Design Sprints start with a challenge, idea, or proposition. This should be a specific statement or question such as; ‘What does my ideal customer login environment look like?’ or ‘How can we improve our online customer service?’.
In the first days of the sprint we uncover your business goals, evaluate the competition, and narrow down your audience. The team goes through a full design cycle in just 5 days where we research, ideate, build, and test a working prototype.
This process was developed by Jake Knapp at Google Ventures, who also wrote a great book on the topic; ‘Sprint’. We use a combination of Knapp’s method and our own input to create the best possible outcome for our clients.
Today’s digital world is quickly changing and expanding. Bringing new products to market, especially if you want to do it quickly, is risky. Design Sprints are a great way to reduce that risk, by validating your ideas with real users.
Your idea is no longer a sentence on a whiteboard, but a full, clickable prototype. With these usable prototypes, you can test your ideas with both stakeholders and users and determine whether you’re heading in the right direction overall.
The great thing about Design Sprints is that it is not limited to any specific problem. Whether you want to test a new homepage layout, conversion funnel, or a single feature for an app, this is the right tool for it.
The most important thing you get at the end of a Design Sprint is an answer as to whether your concept is going to work or not. The problem you were trying to solve will become much clearer as most of the difficult questions are answered during the process.
You will leave the Sprint with a prototype of your idea, product or feature that has been tested by a targeted selection of people. Additionally, we will supply an outcome of the test document with the positive and negative findings, and suggestions on how to improve these.
After the Design Sprint, next effective steps might include a Design & Build process where we take the prototype to the next level. Some clients may also choose to take the prototype to another studio or in-house team – no strings attached.
A Design Sprint process is very intense which is why there’s a clear structure to follow. Each member of the team plays a specific role in the sprint, with four main disciplines:
The decider knows everything about the company or product we are working for. They should be either a product owner or manager with the power to make decisions. There is no more than one decider in any Design Sprint.
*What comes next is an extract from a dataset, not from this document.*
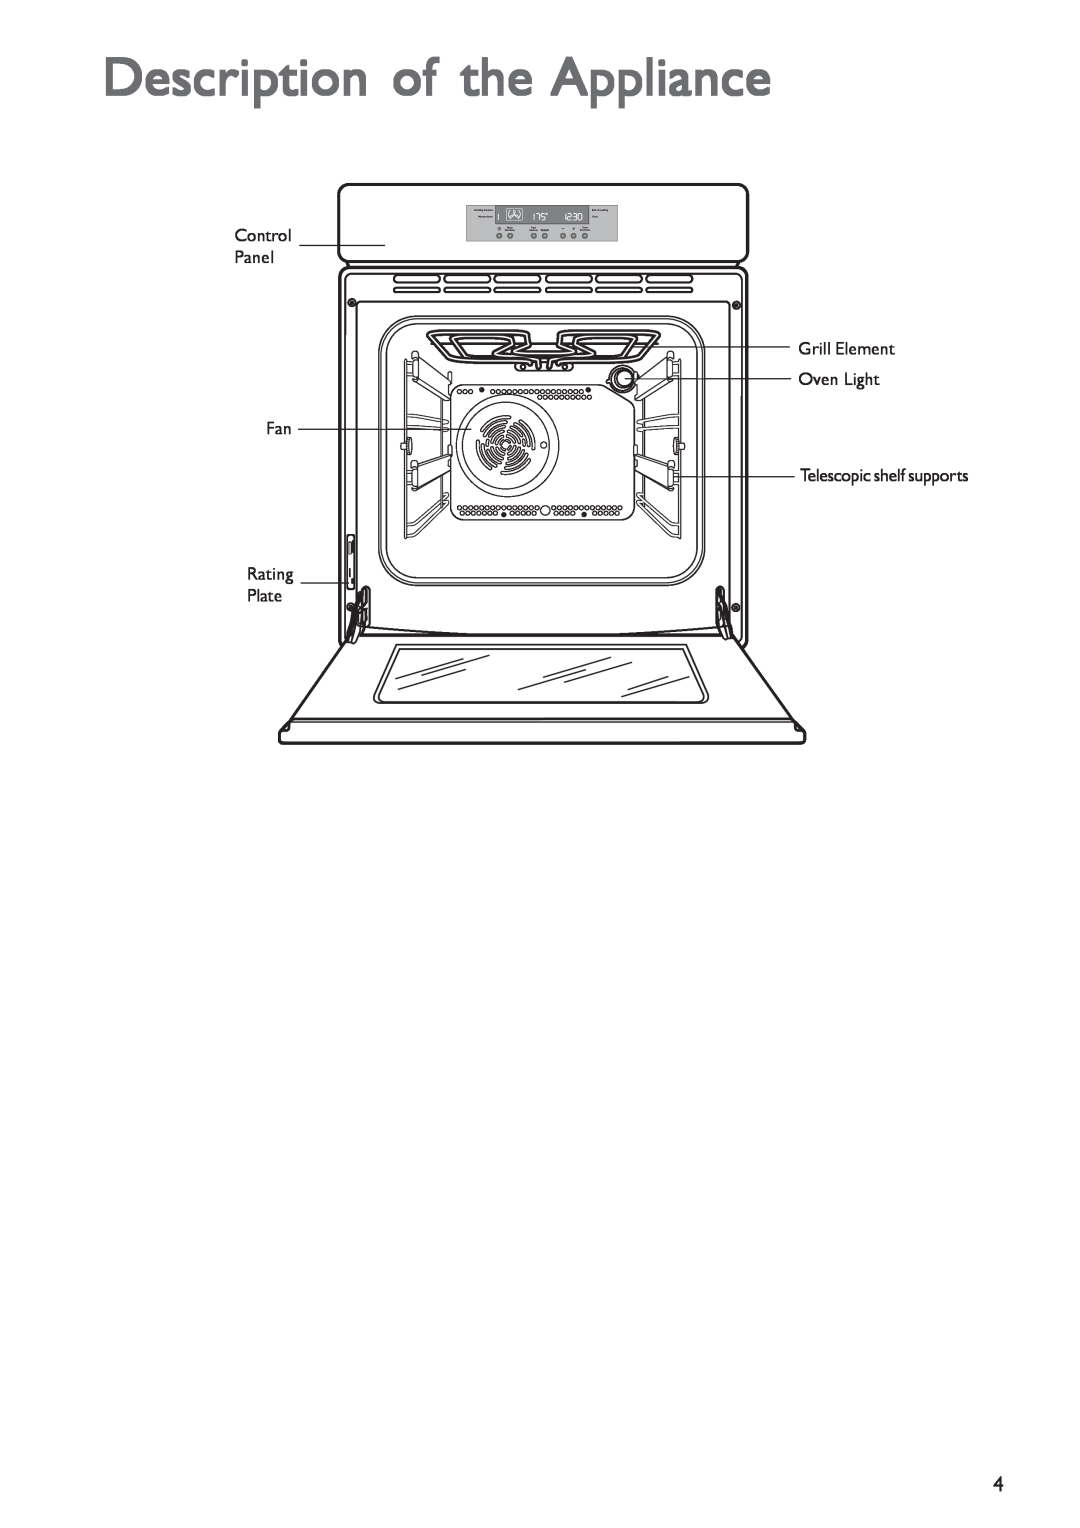 John Lewis JLBIOS603 instruction manual Description of the Appliance, Control Panel Grill Element Oven Light Fan

The facilitator takes care of everything related to process and timebox. They are knowledgeable on the Design Sprint topic and often work in a management position.
Unsurprisingly, he or she builds the prototype and usually works as a UX / UI designer or front-end developer. They should be familiar with tools like InVision, Framer, Webflow and Sketch.
The creative generates new ideas, directs the user experience and makes sure the prototype contains smart solutions. They usually work as a creative director.
For every client we put together a dedicated team that is committed to working on the Design Sprint for a set 5-day period.
We map and identify the problem, analyze the question, and evaluate usability, feasibility, and viability. We set out a long-term goal and then select a target based on this. It should be a piece of the problem which can realistically be solved within the 5 days.
On Tuesday we begin to focus on solutions. We set out inspirations and review existing ideas. We then begin generating sketches based on these solutions, and start preparing the user testing which will take place on Friday.
After two days of heavy lifting, it’s good to switch things around on the third day. On this day we review and select the best solutions to have come out of Tuesday’s session and decide which is best suited to solve the problem. This forms the foundation of our prototype.
Let’s start the build! The final sketch is now translated into a prototype to make the product testable. We use software such as InVision, Atomic, and Webflow to bring it to life.
On Friday we have 3 to 5 testers come over to the office and ask them to interact with the prototype. These sessions are recorded for later documentation and provide key insight into how people react to the solution we created. The results of this will help guide our next step.
And that’s the complete Design Sprint process. A great tool for quickly validating ideas, assumptions, and / or answering questions.